• Problem statement
Repeat the records below exactly from the line containing "G-Console is another" to the line containing "PUERTO IBANEZ, CHILE", taking in both of those lines. Drop the pictures.

• Supplied material
*** Block opens ***
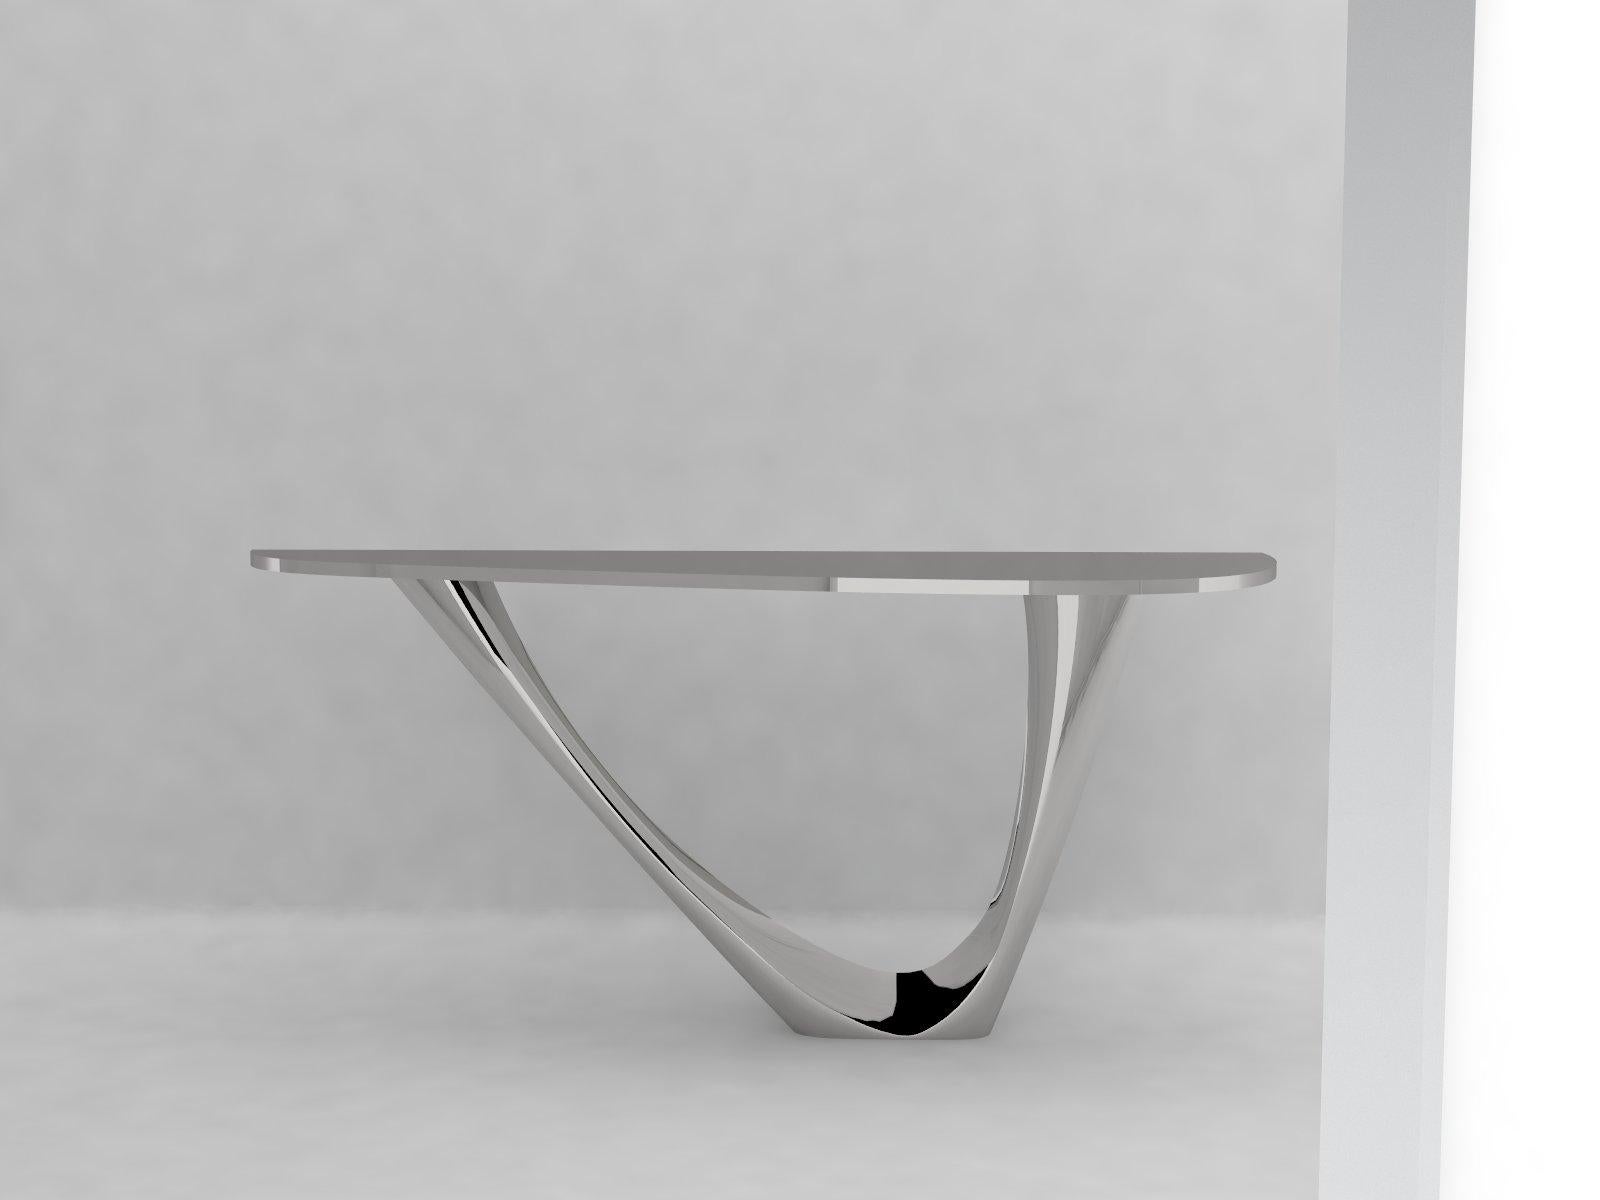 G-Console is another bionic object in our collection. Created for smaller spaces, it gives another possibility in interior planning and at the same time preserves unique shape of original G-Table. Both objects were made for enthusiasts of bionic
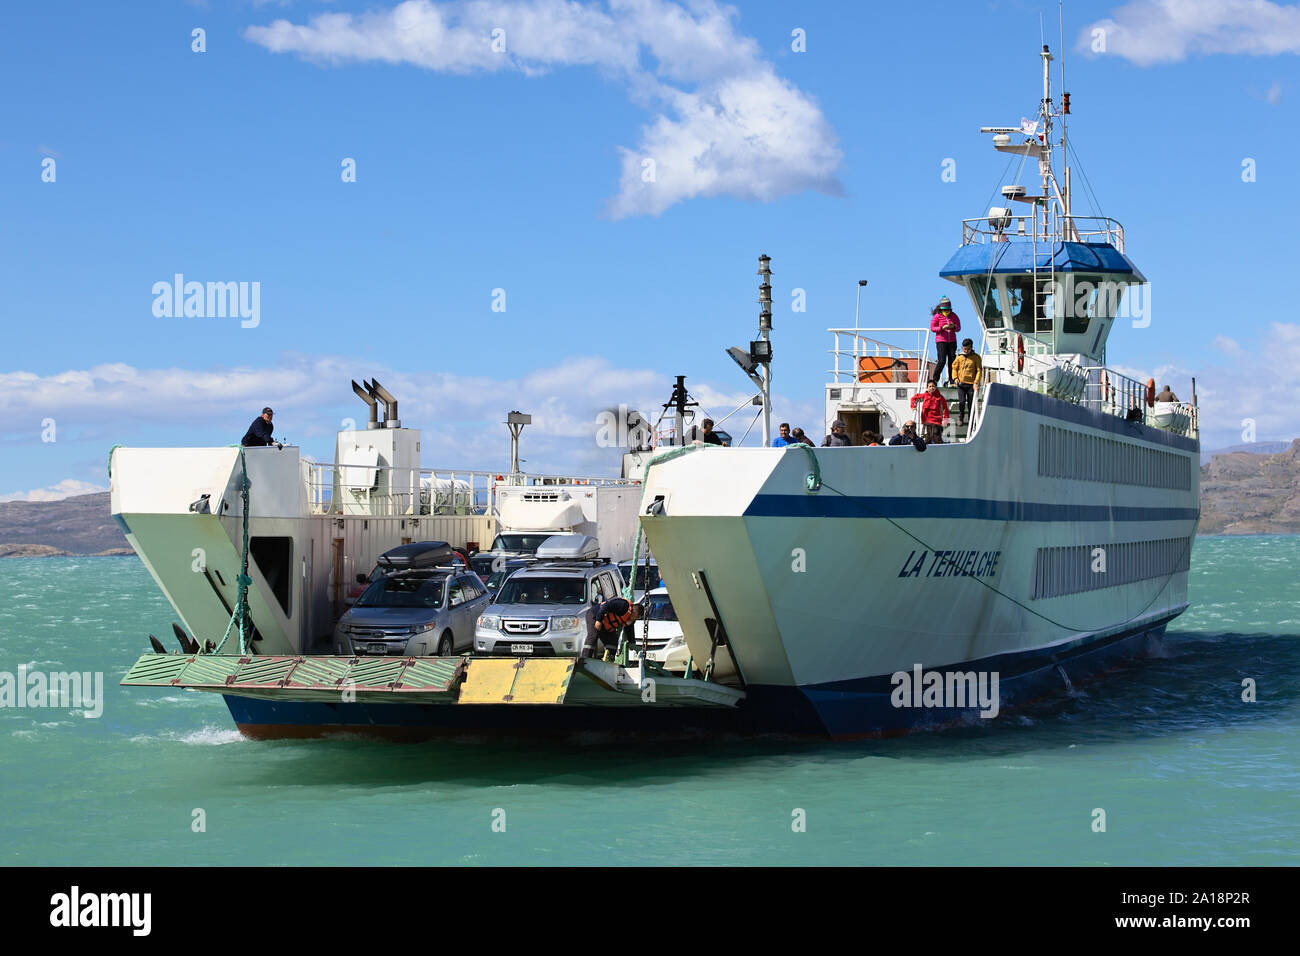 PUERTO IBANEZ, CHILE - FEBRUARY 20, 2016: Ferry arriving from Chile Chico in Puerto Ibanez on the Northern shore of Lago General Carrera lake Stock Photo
*** Block closes ***
*** Block opens ***
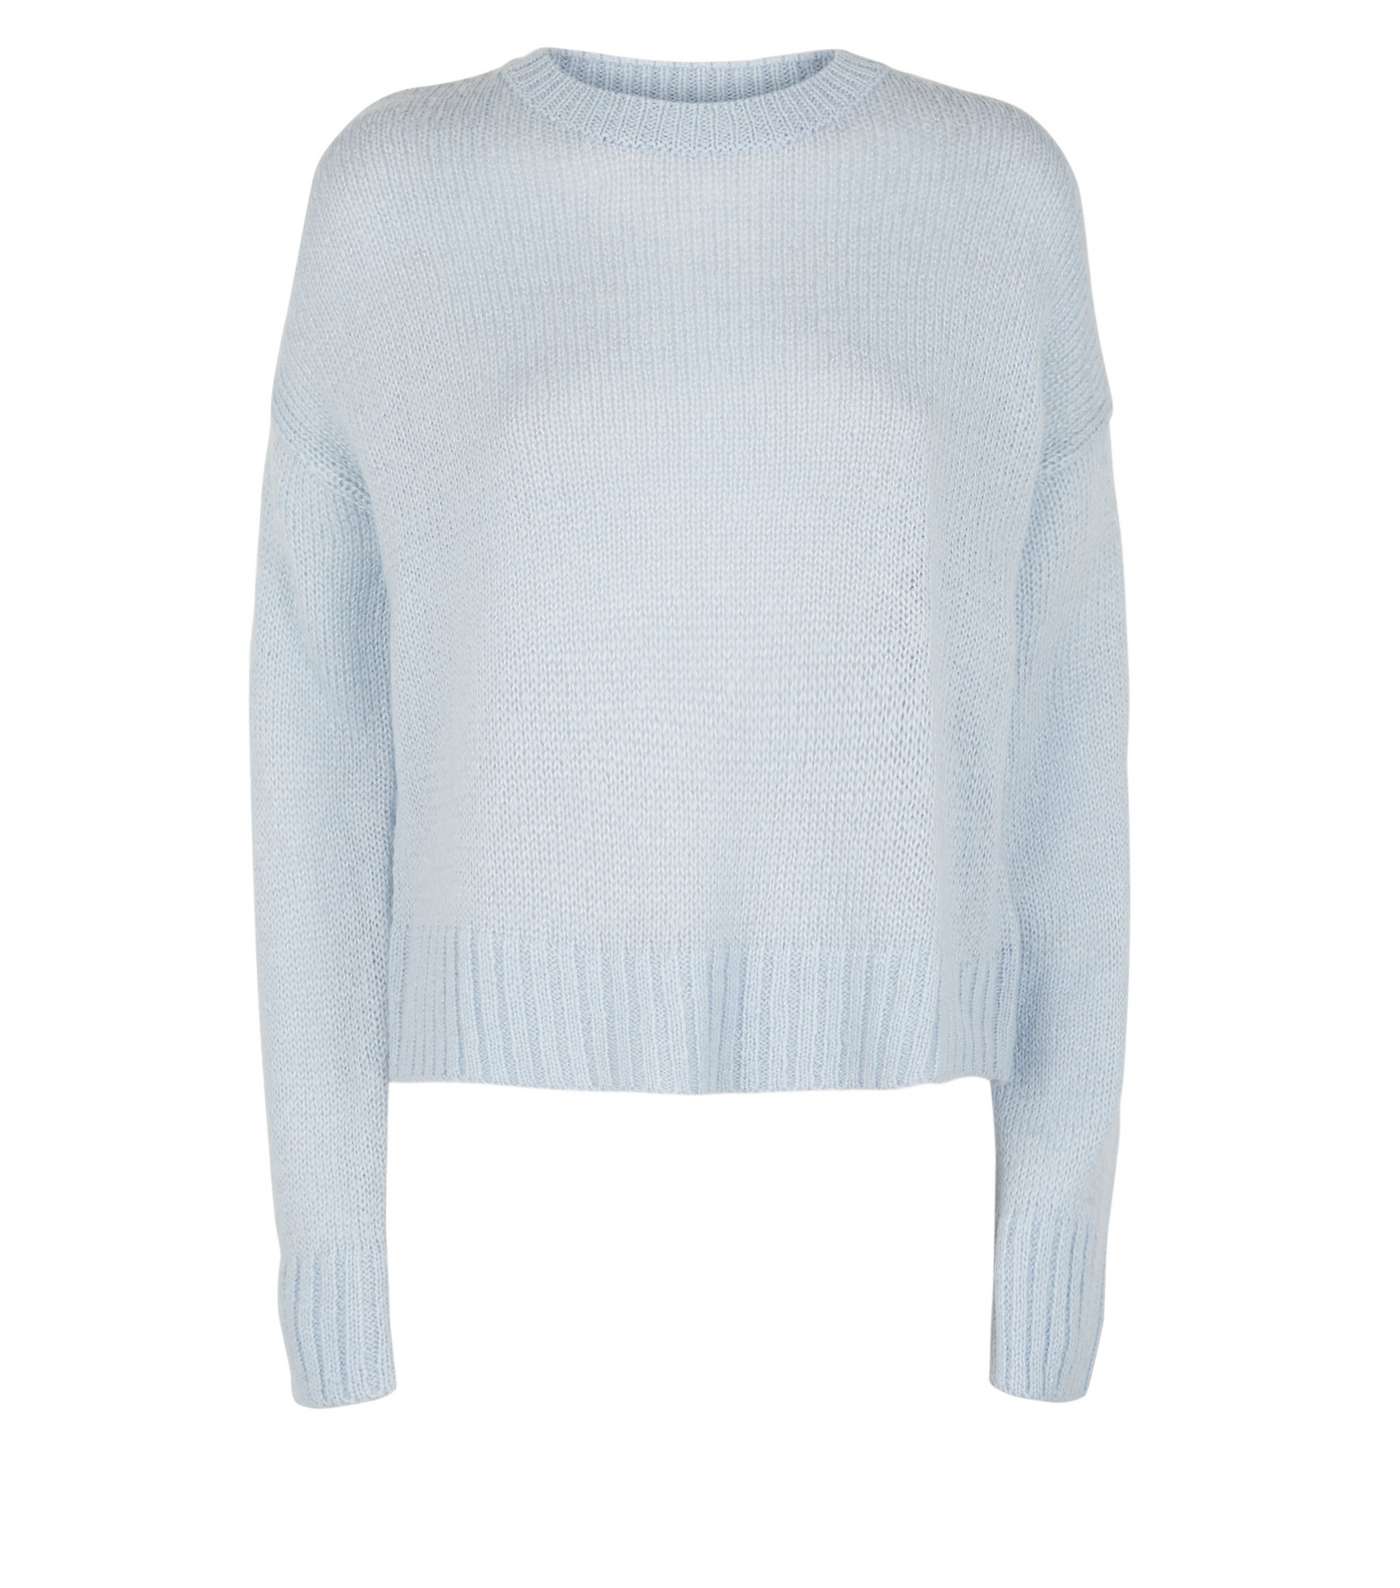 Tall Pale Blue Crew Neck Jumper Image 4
*** Block closes ***
• Written response
 G-Console is another bionic object in our collection. Created for smaller spaces, it gives another possibility in interior planning and at the same time preserves unique shape of original G-Table. Both objects were made for enthusiasts of bionic
 PUERTO IBANEZ, CHILE - FEBRUARY 20, 2016: Ferry arriving from Chile Chico in Puerto Ibanez on the Northern shore of Lago General Carrera lake Stock Photo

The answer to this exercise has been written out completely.